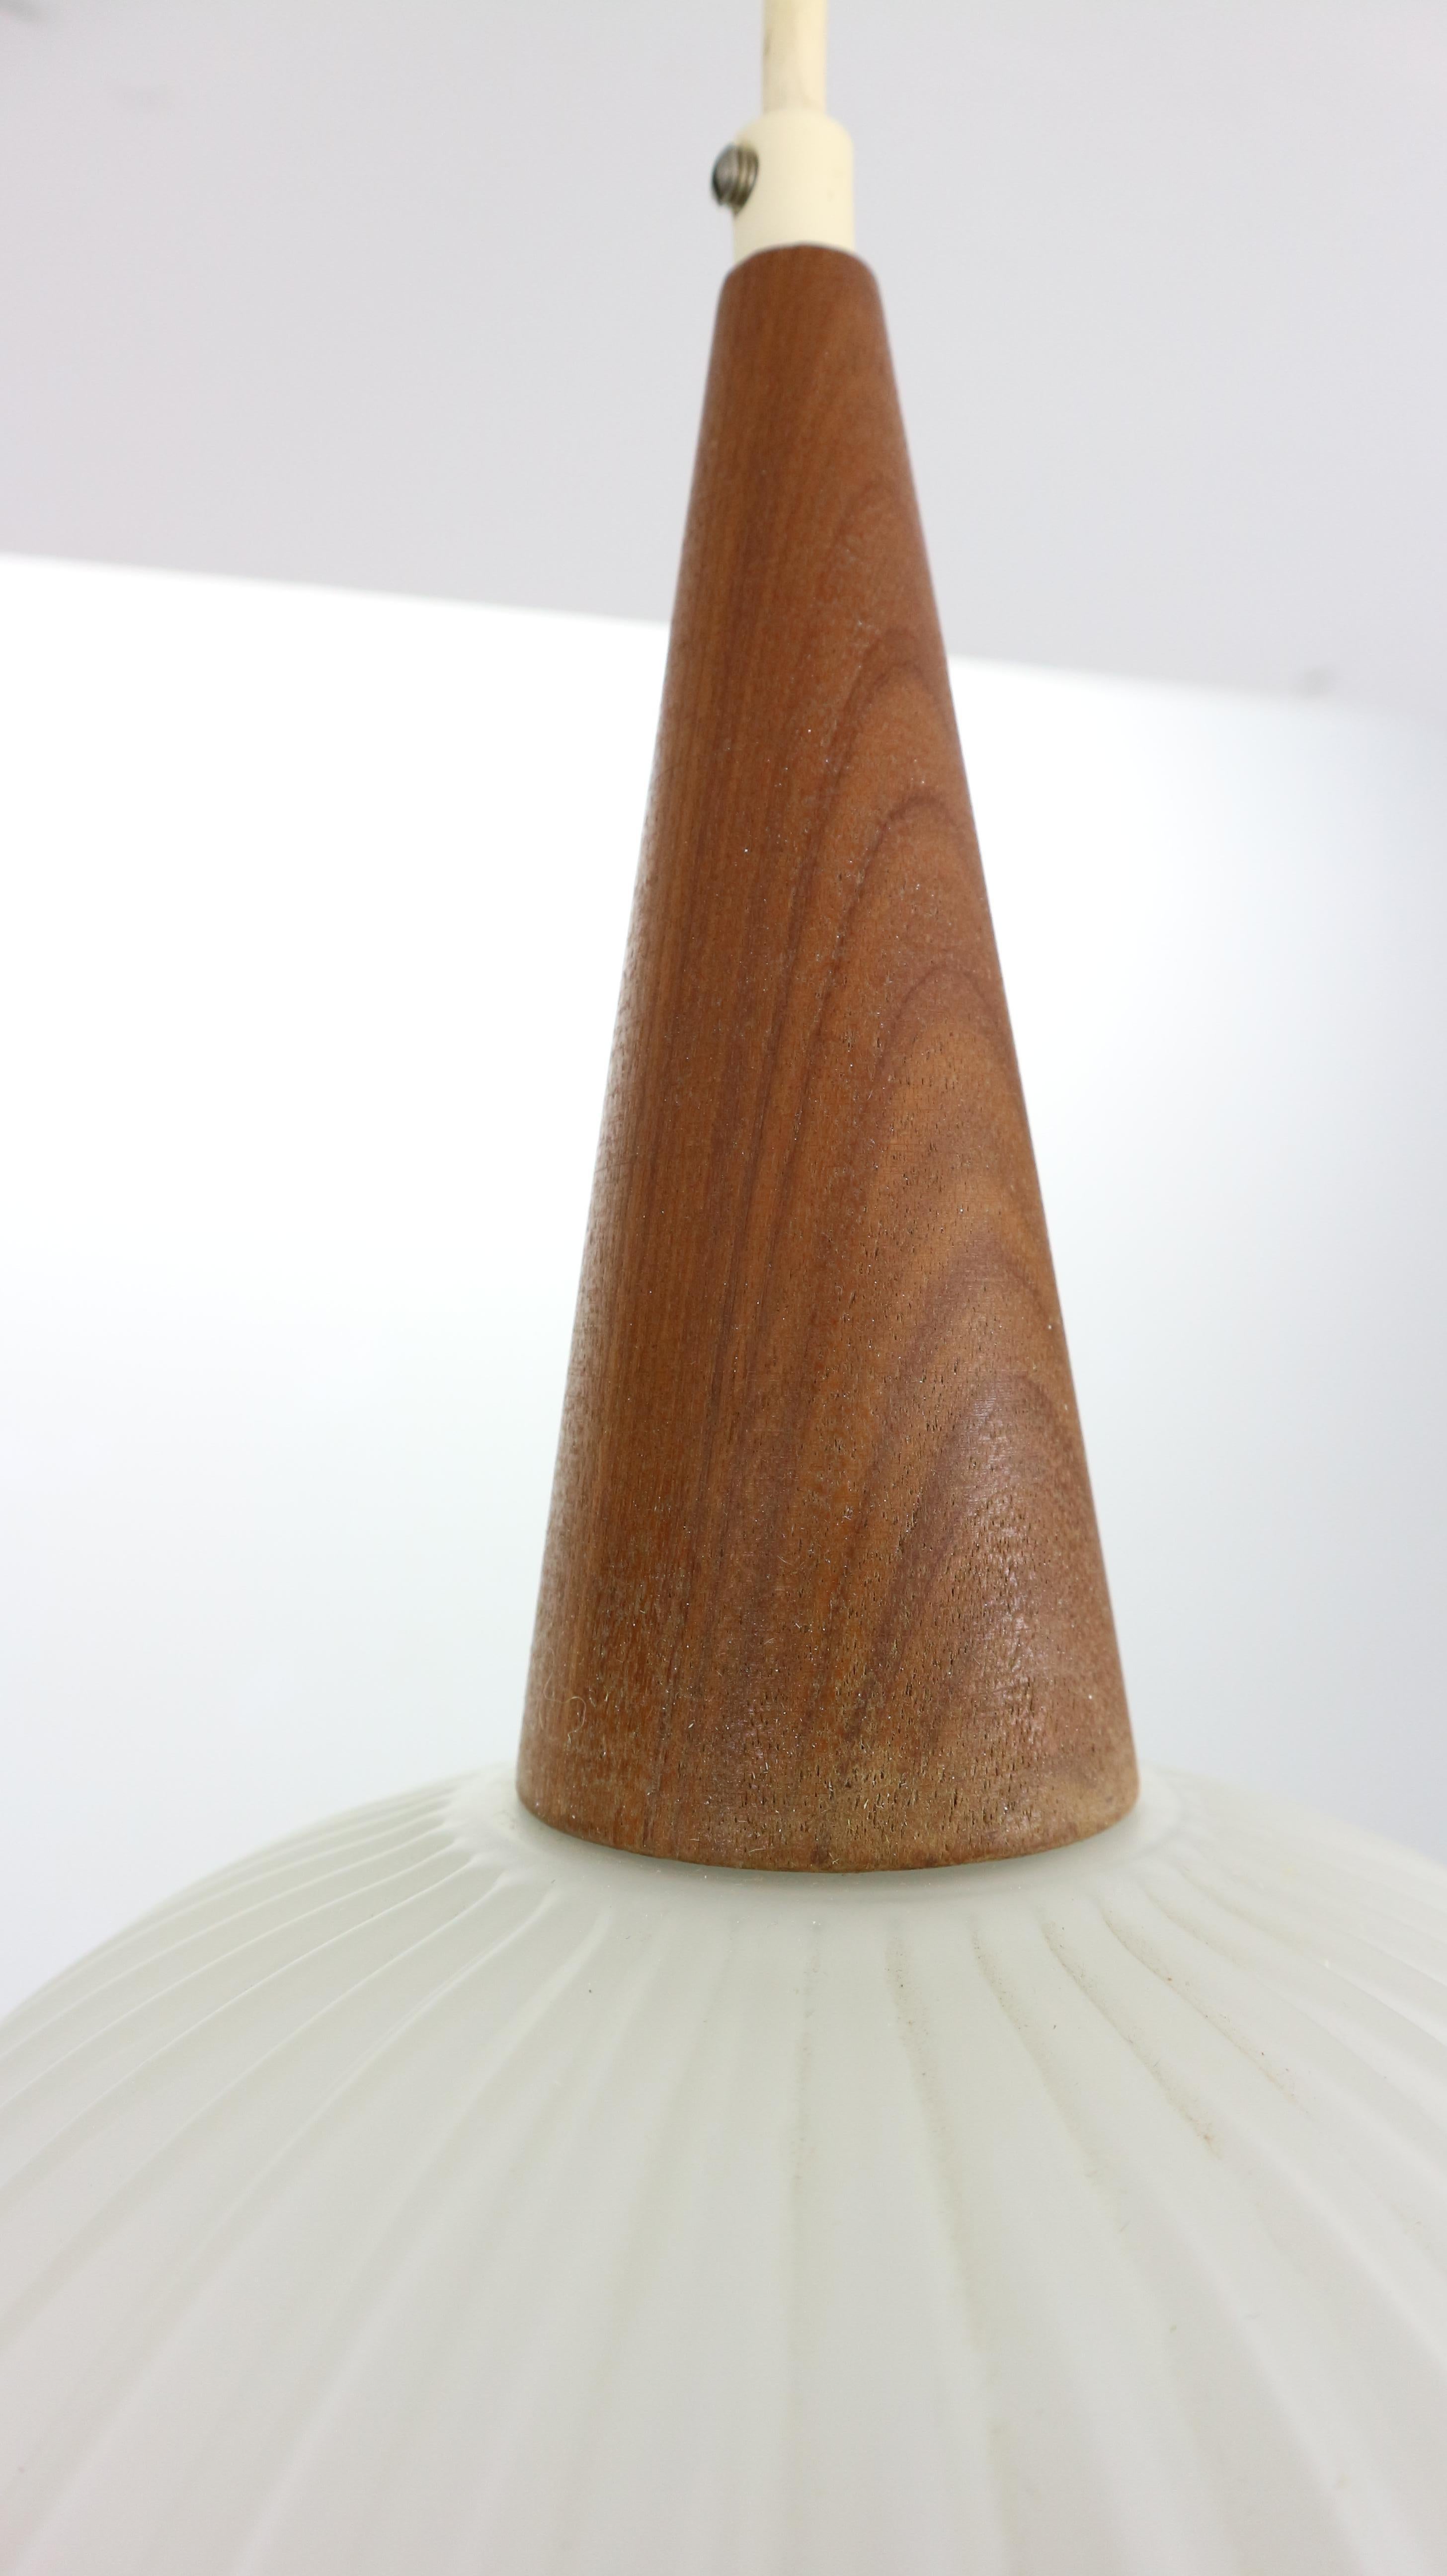 Mid-20th Century Milk Glass & Teak Wood Pendant Lamp, Louis Kalff for Philips, 1960s Netherlands
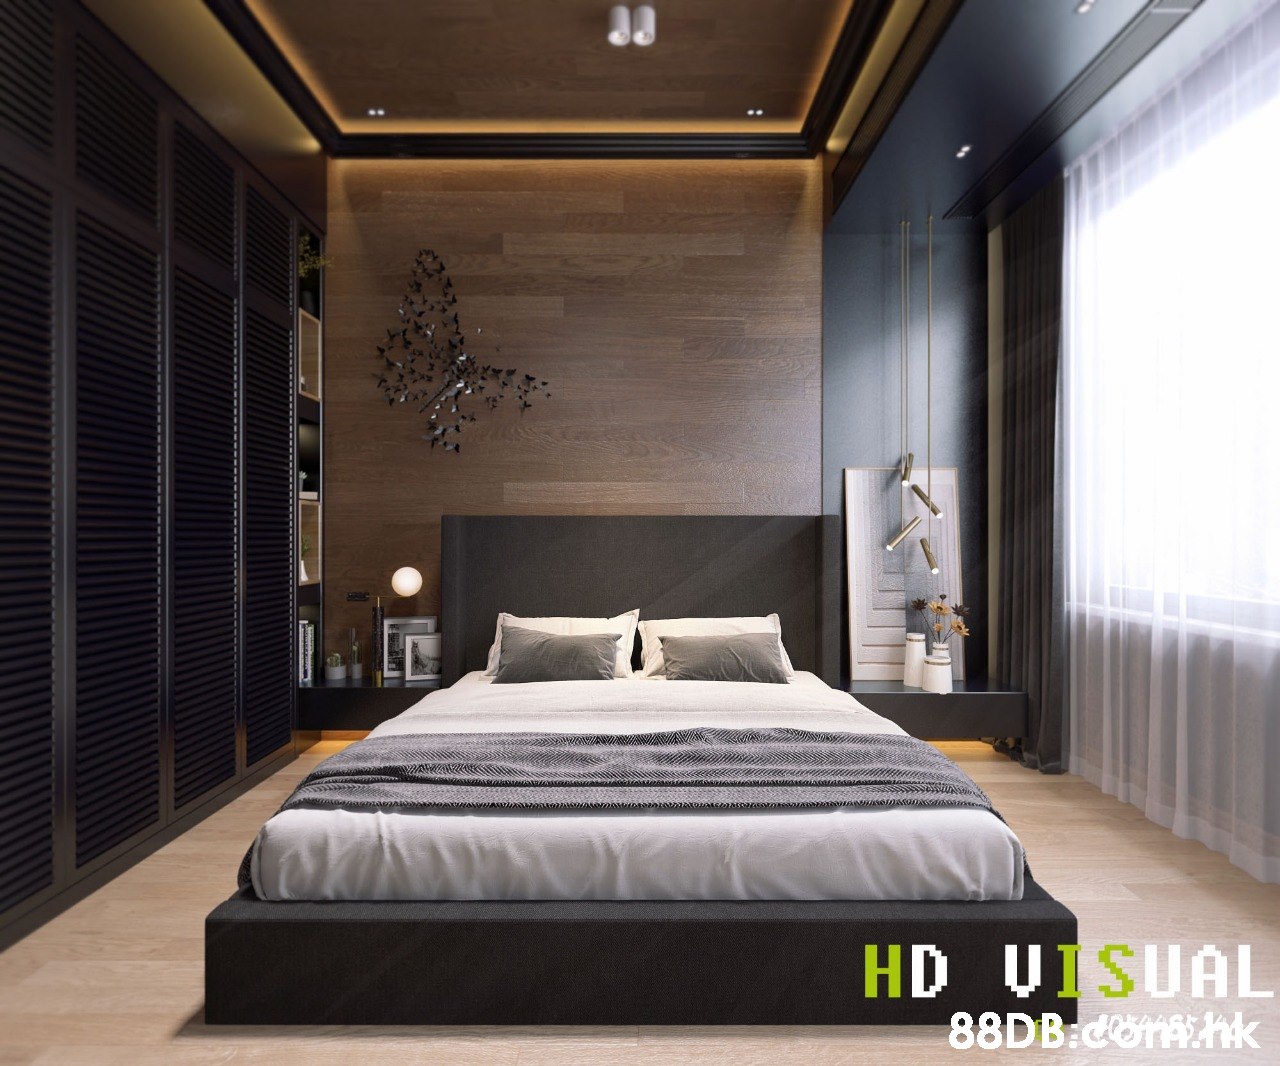 HD UISUAL 88DBacomhk  Bedroom,Bed,Interior design,Room,Furniture
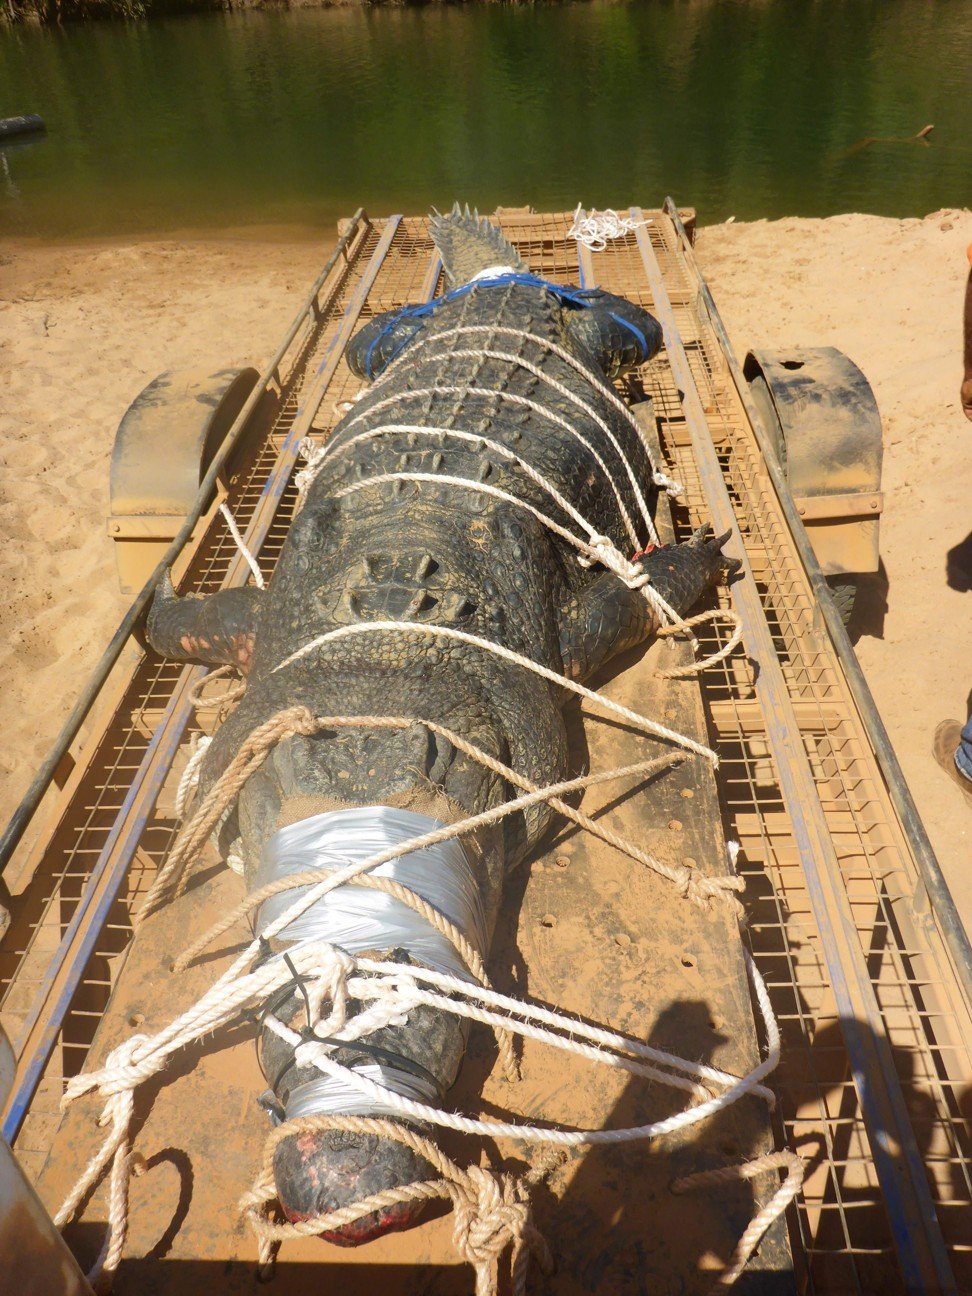 The captured saltwater crocodile weighs 600 kilograms. Photo: AFP

→ **Required work**: Leave out the pictures and repeat the remaining data exactly.

→ **Answer**:
 Mid-20th Century Milk Glass & Teak Wood Pendant Lamp, Louis Kalff for Philips, 1960s Netherlands
 HD UISUAL 88DBacomhk  Bedroom,Bed,Interior design,Room,Furniture
 The captured saltwater crocodile weighs 600 kilograms. Photo: AFP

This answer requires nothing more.